#### Information shown
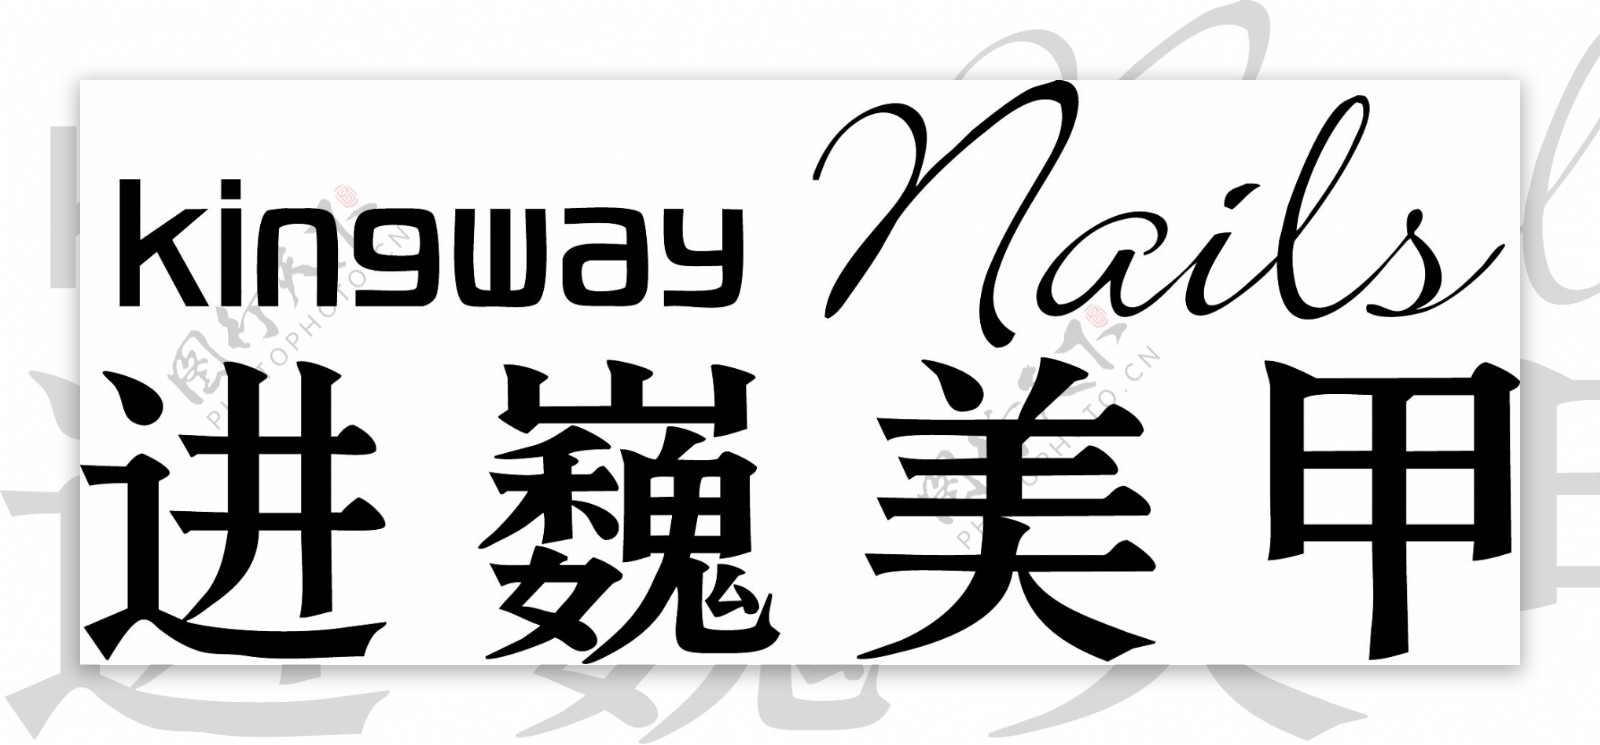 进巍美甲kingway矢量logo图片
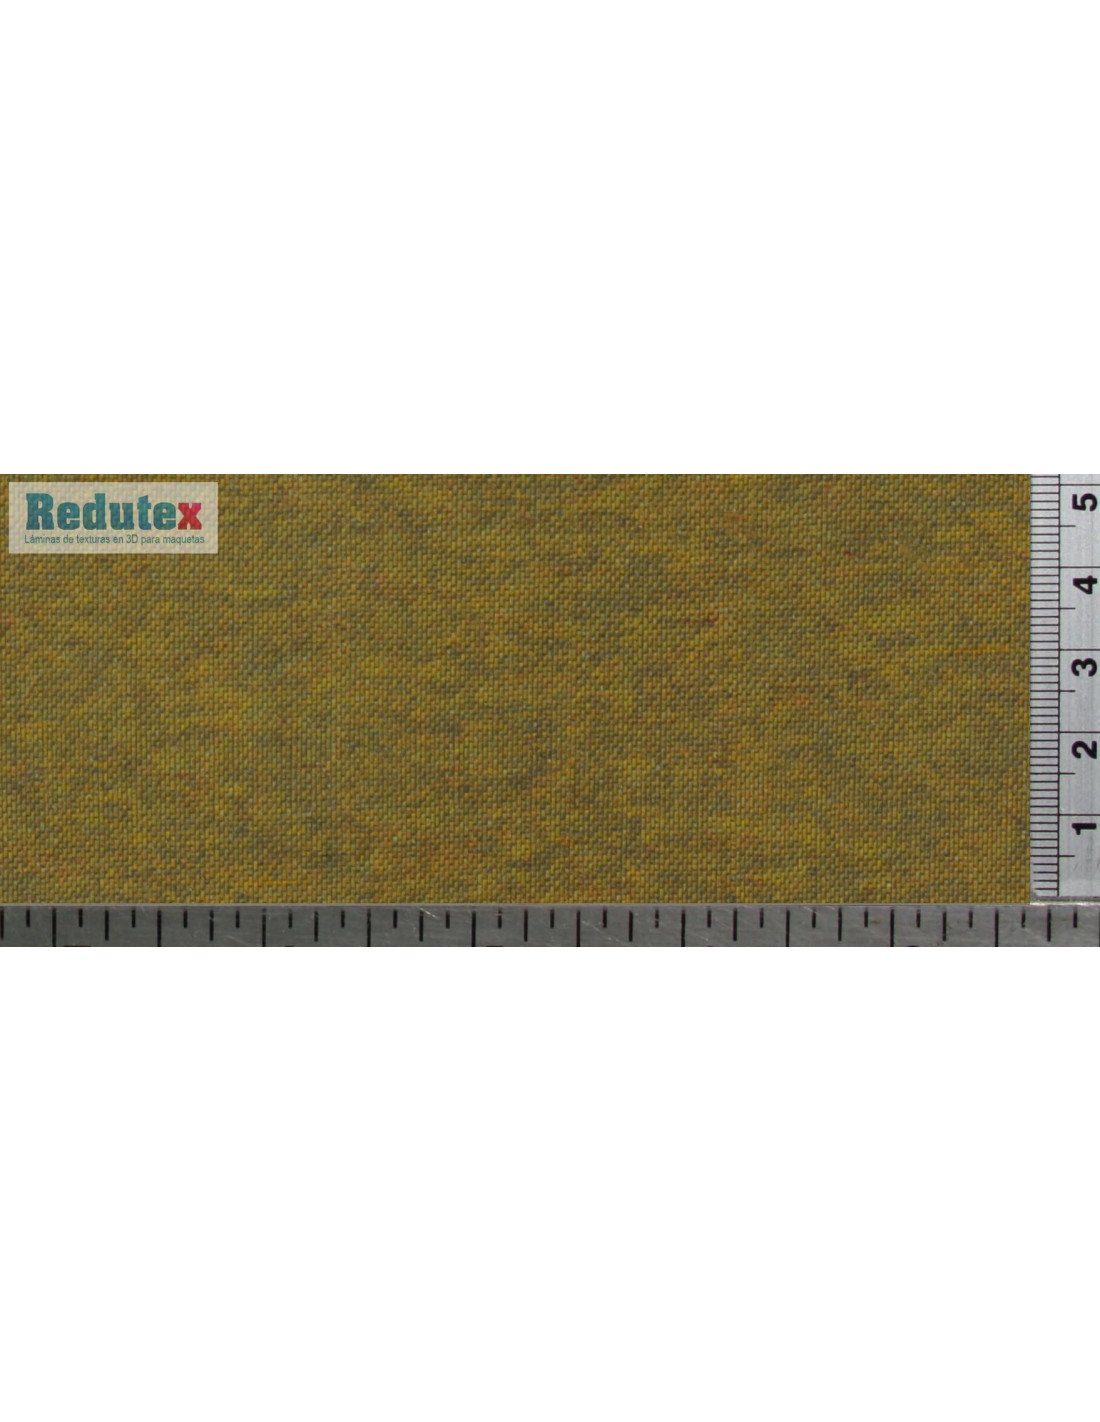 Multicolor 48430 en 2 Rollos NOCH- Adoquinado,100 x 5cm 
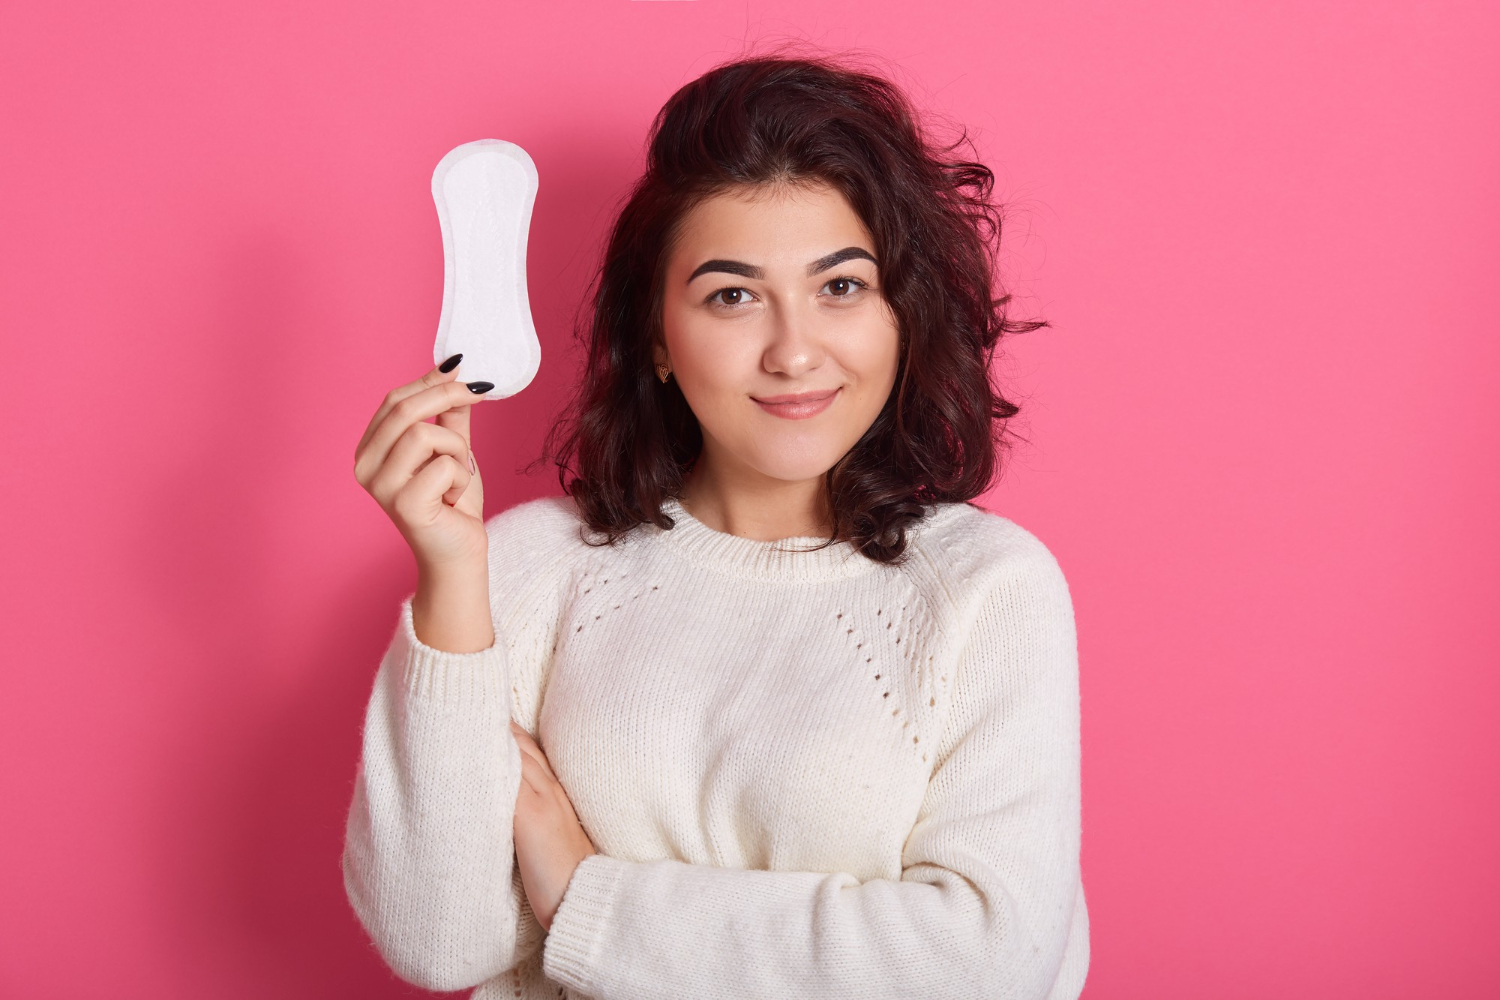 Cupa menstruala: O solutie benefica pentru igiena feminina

#### Brief
The material above should be repeated word for word, with every picture omitted.

#### Answer below
 进巍美甲kingway矢量logo图片
 Multicolor 48430 en 2 Rollos NOCH- Adoquinado,100 x 5cm 
 Cupa menstruala: O solutie benefica pentru igiena feminina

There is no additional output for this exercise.